Start of Recorded data

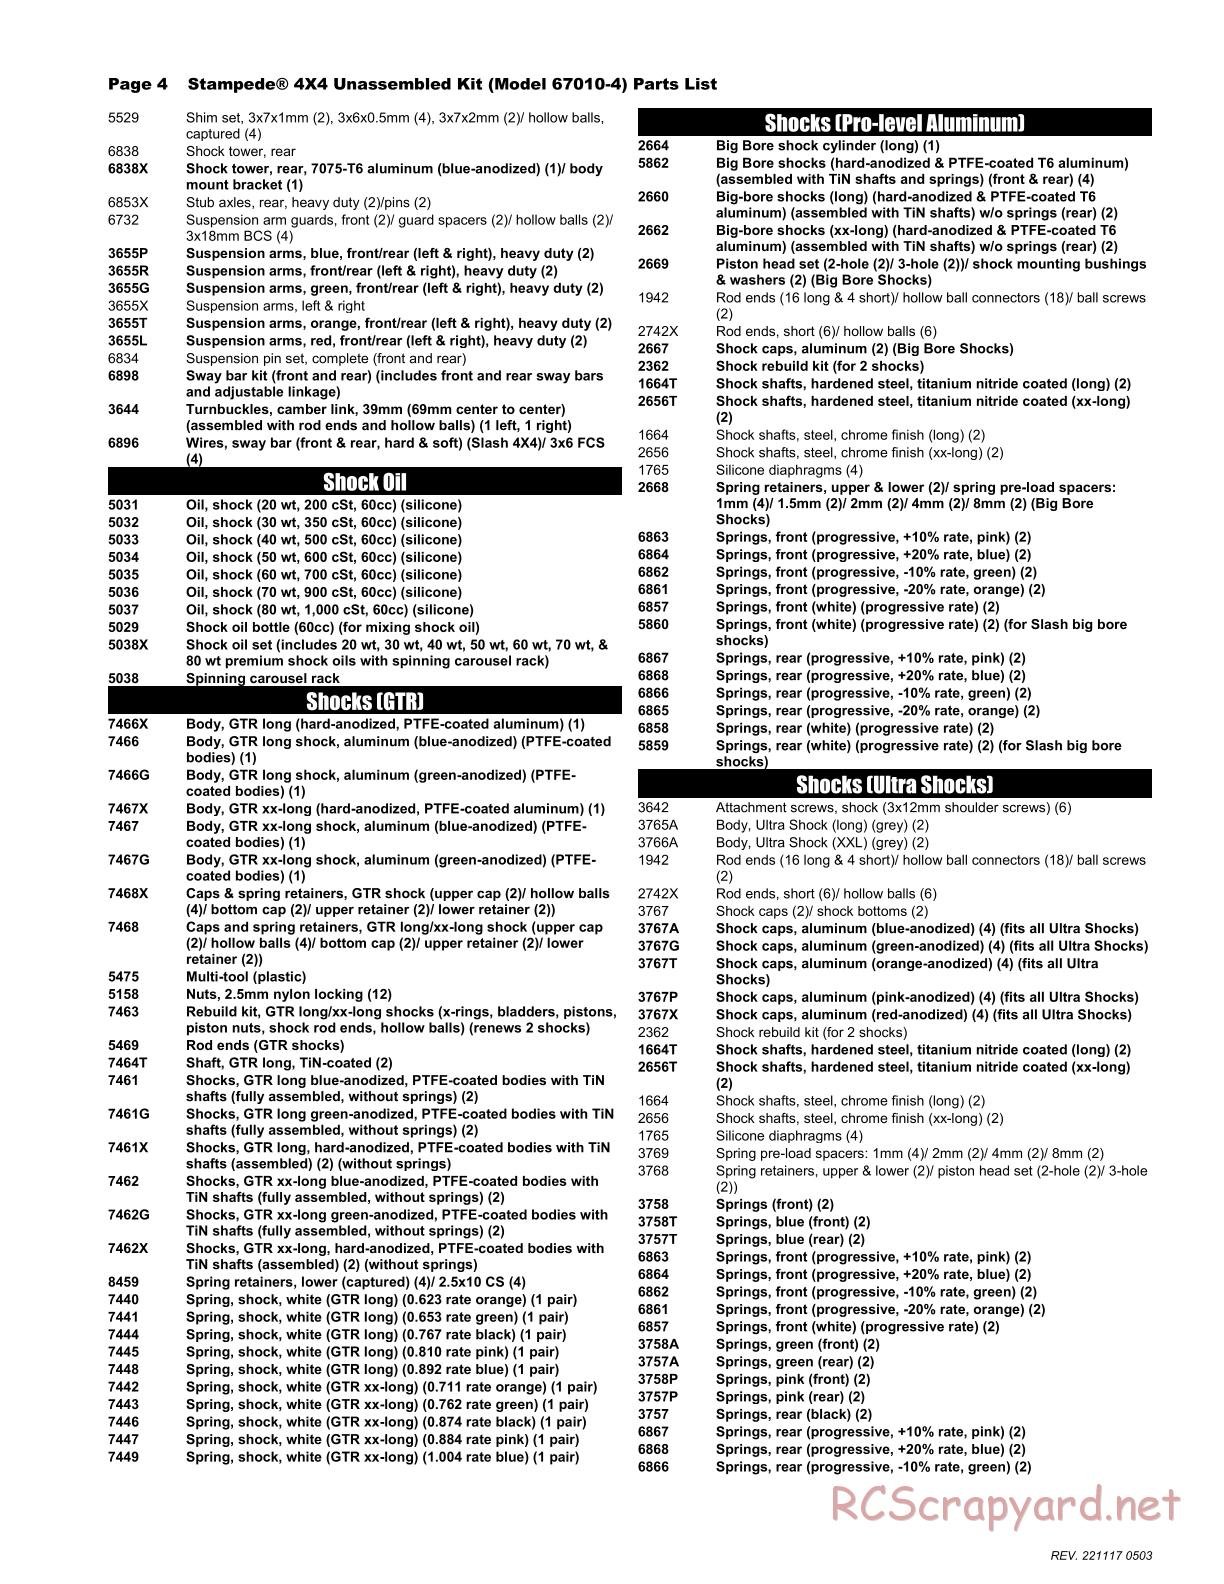 Traxxas - Stampede 4x4 (2019) - Parts List - Page 4
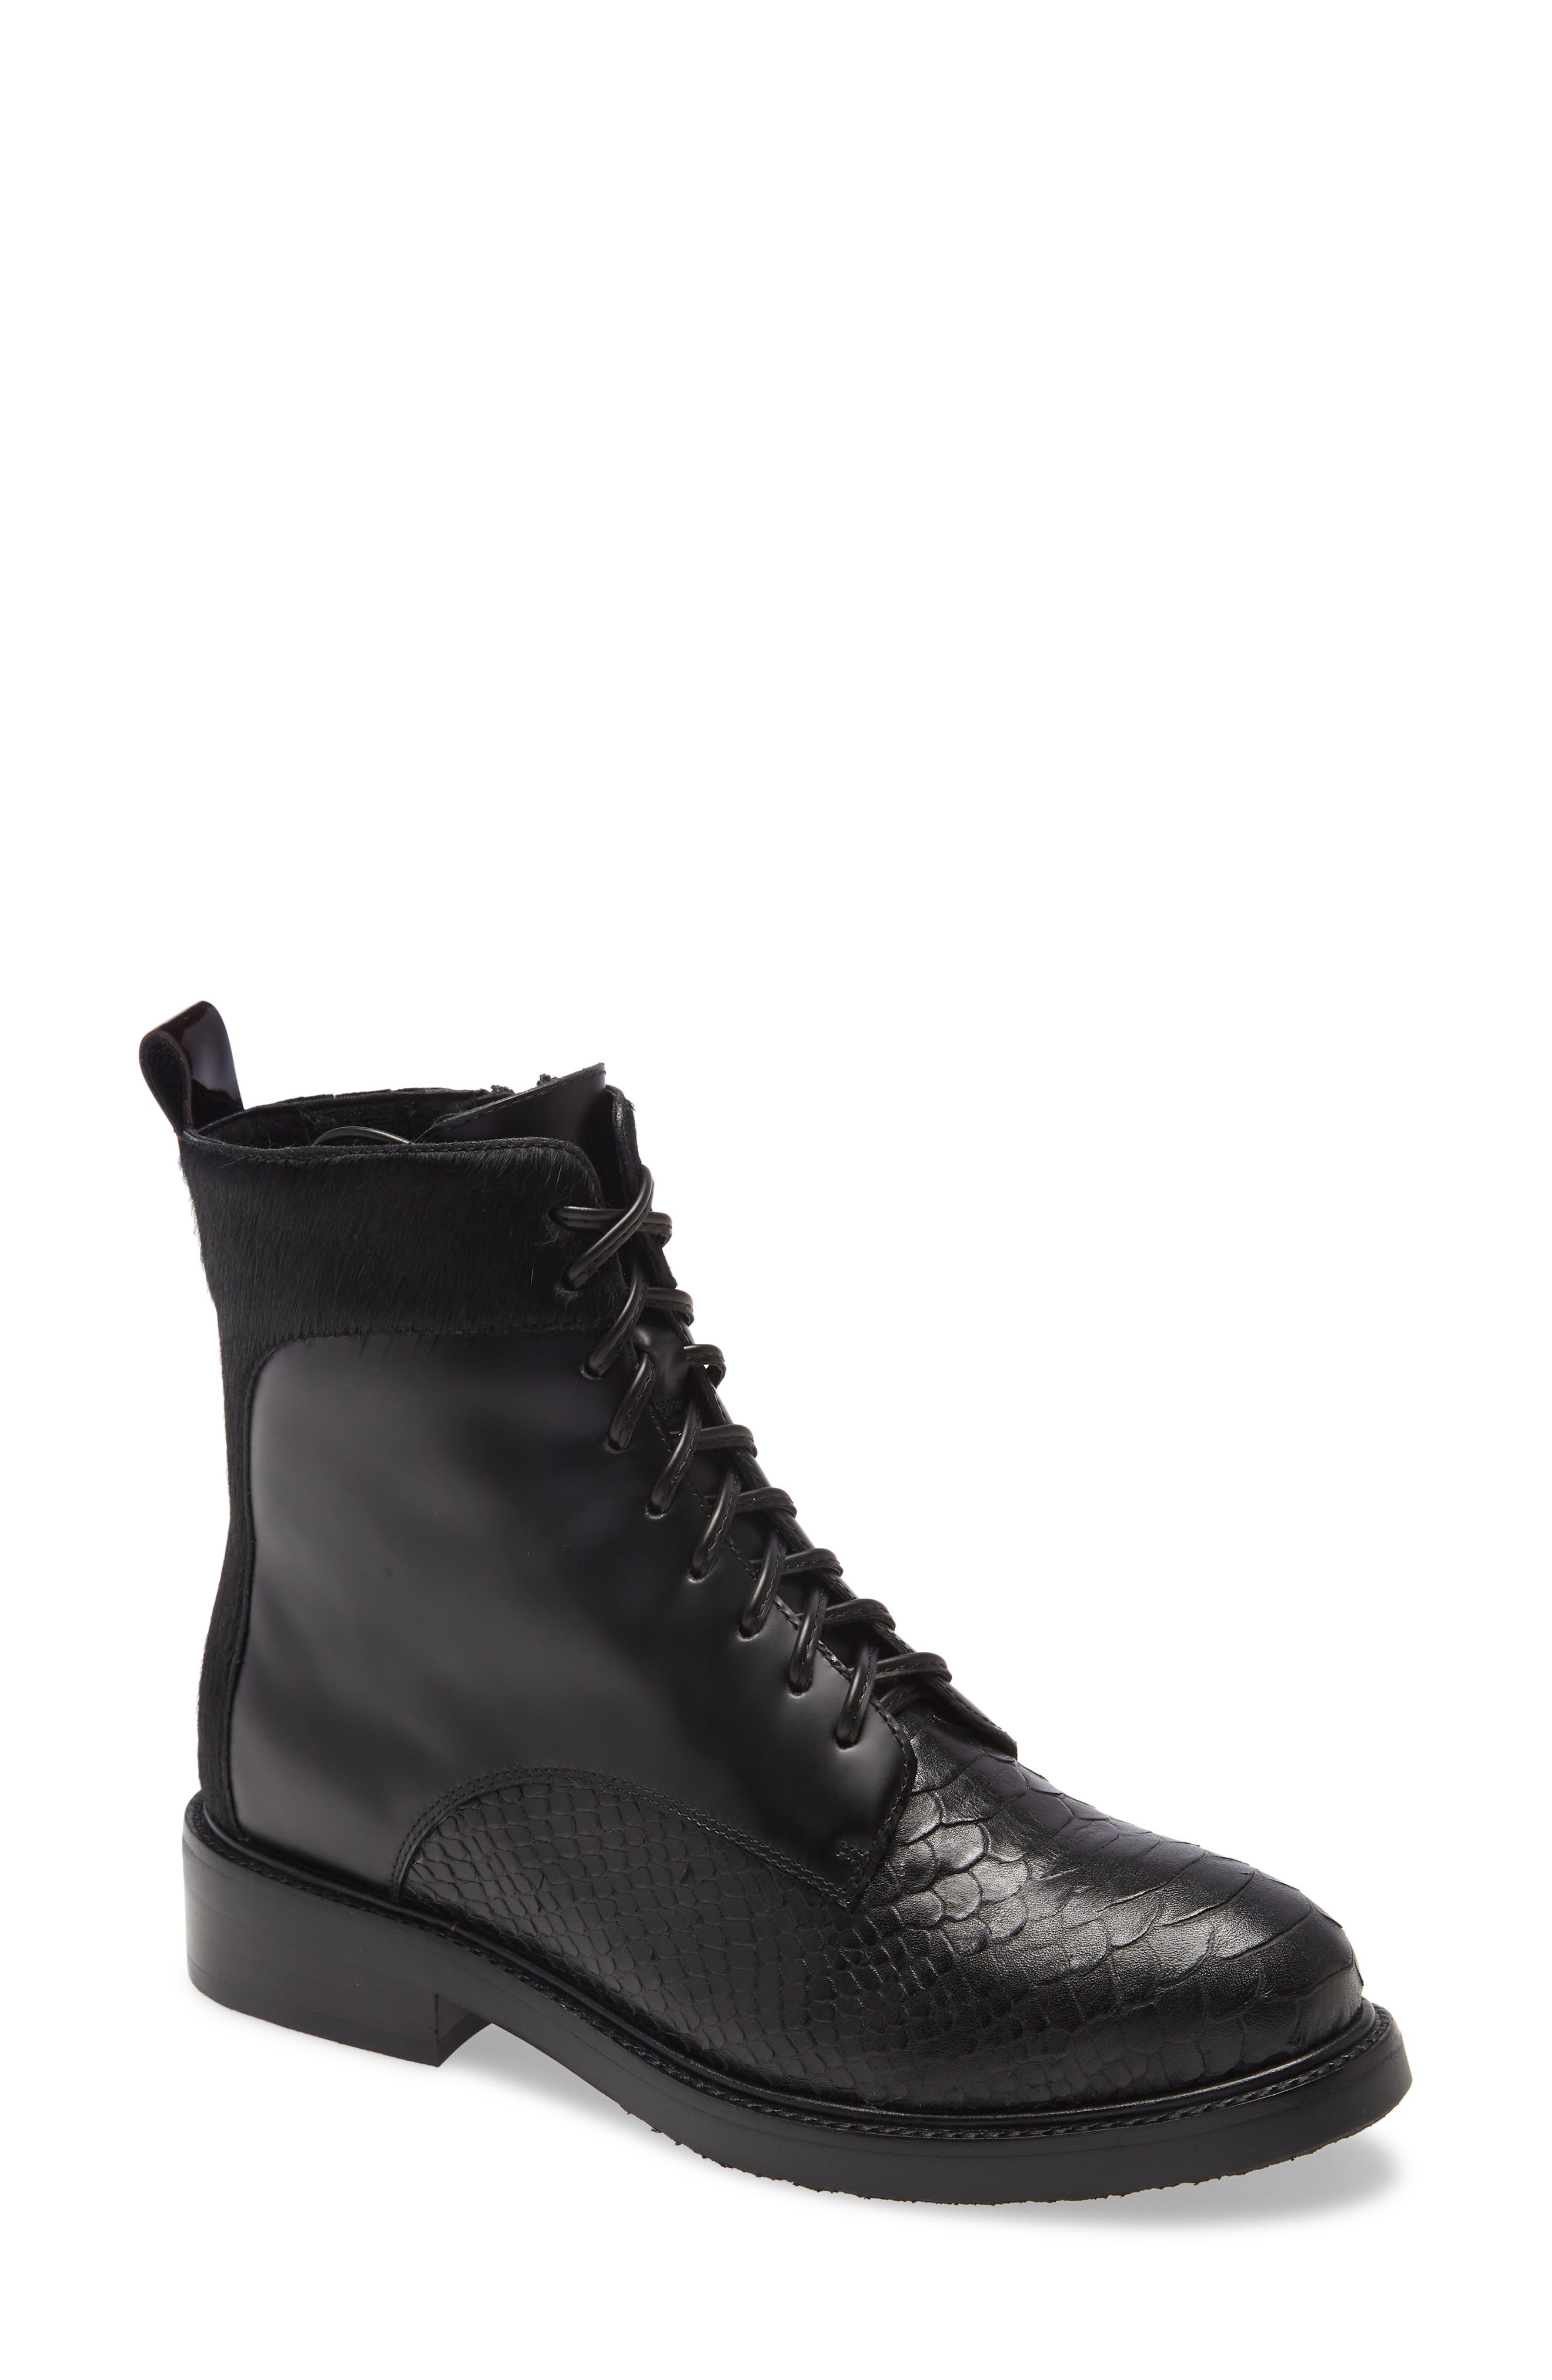 JEFFREY CAMPBELL FISCHER LACE-UP LEATHER BOOT,193131777856
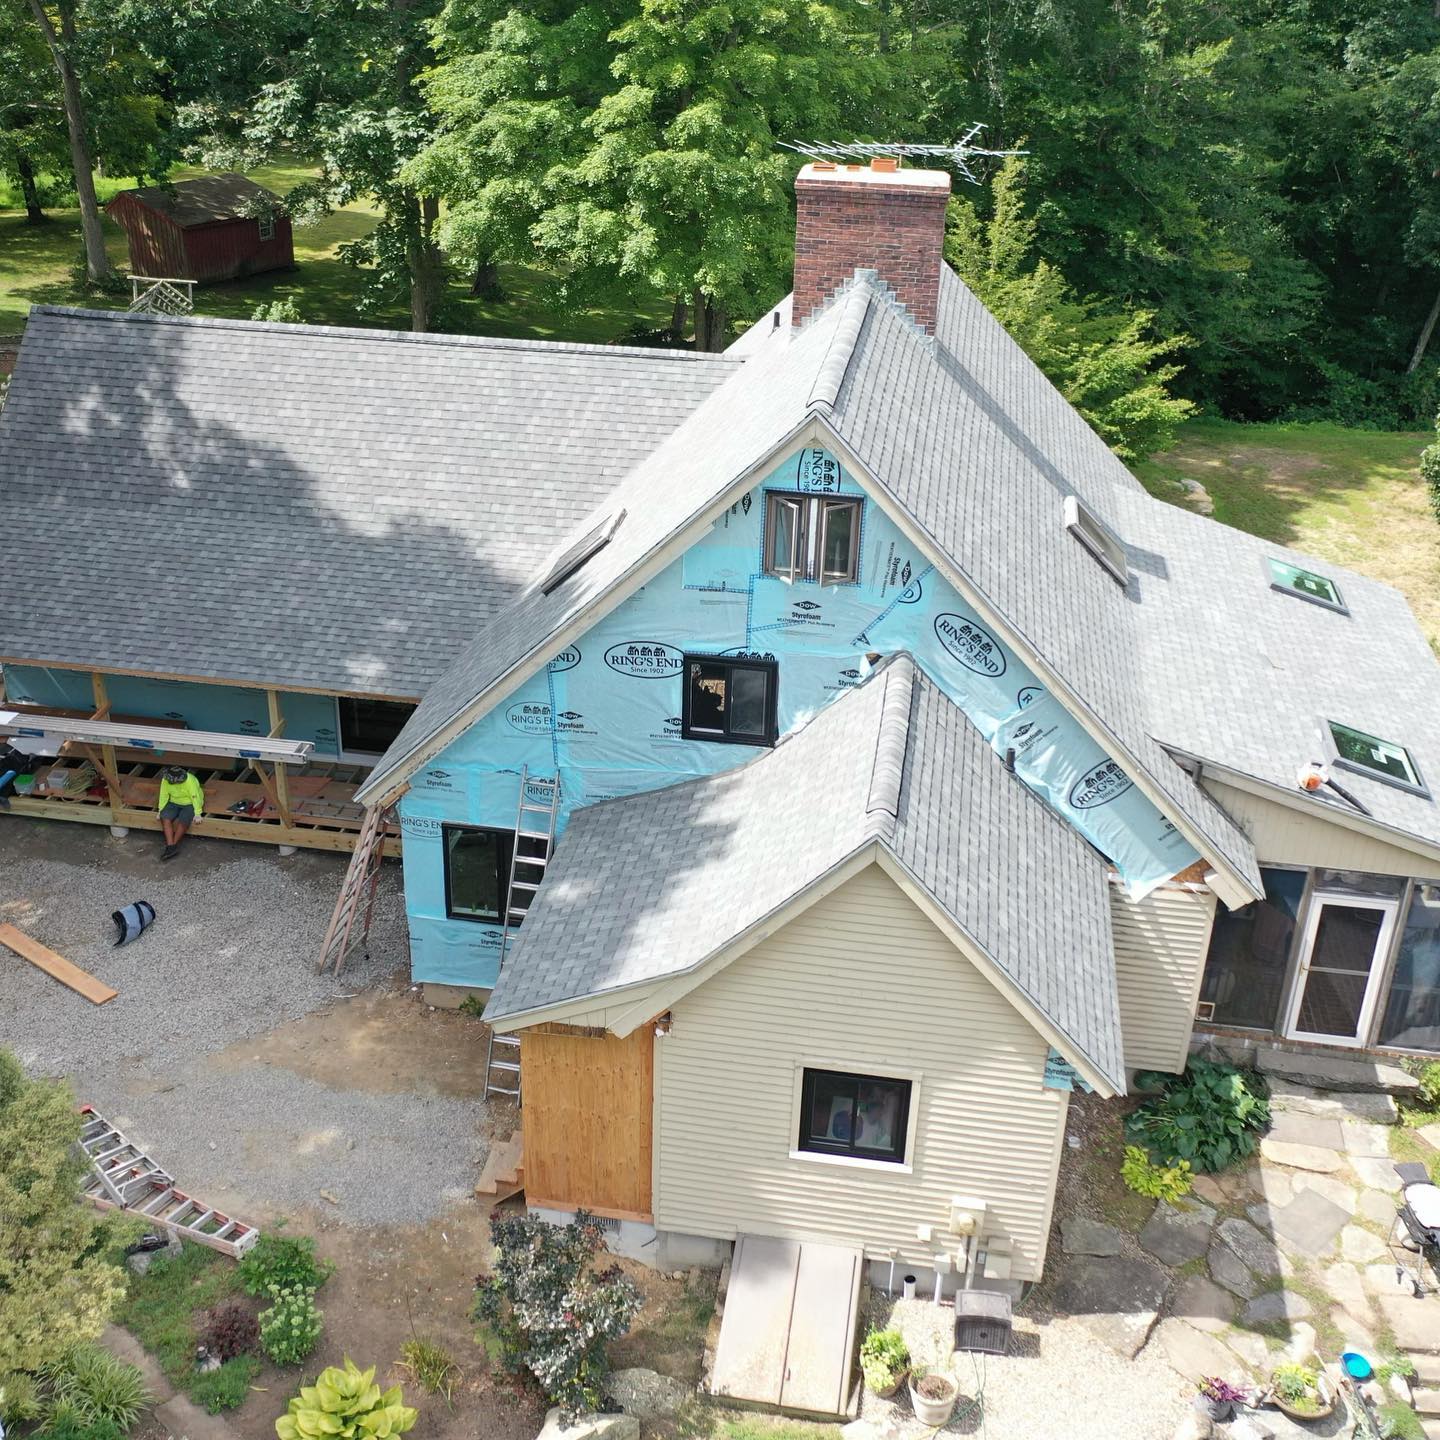 Lyme CT Roof Replacement 3 BP Builder Company in CT | Roofer, Roof Replacement, CT Roofing Company & General Contractor CT

End of Recorded data

# [Exercise goal]
The required output is the lines from the one containing "JEFFREY CAMPBELL FISCHER" through the end of the data, printed exactly, with no pictures.

# [Written solution]
 JEFFREY CAMPBELL FISCHER LACE-UP LEATHER BOOT,193131777856
 Lyme CT Roof Replacement 3 BP Builder Company in CT | Roofer, Roof Replacement, CT Roofing Company & General Contractor CT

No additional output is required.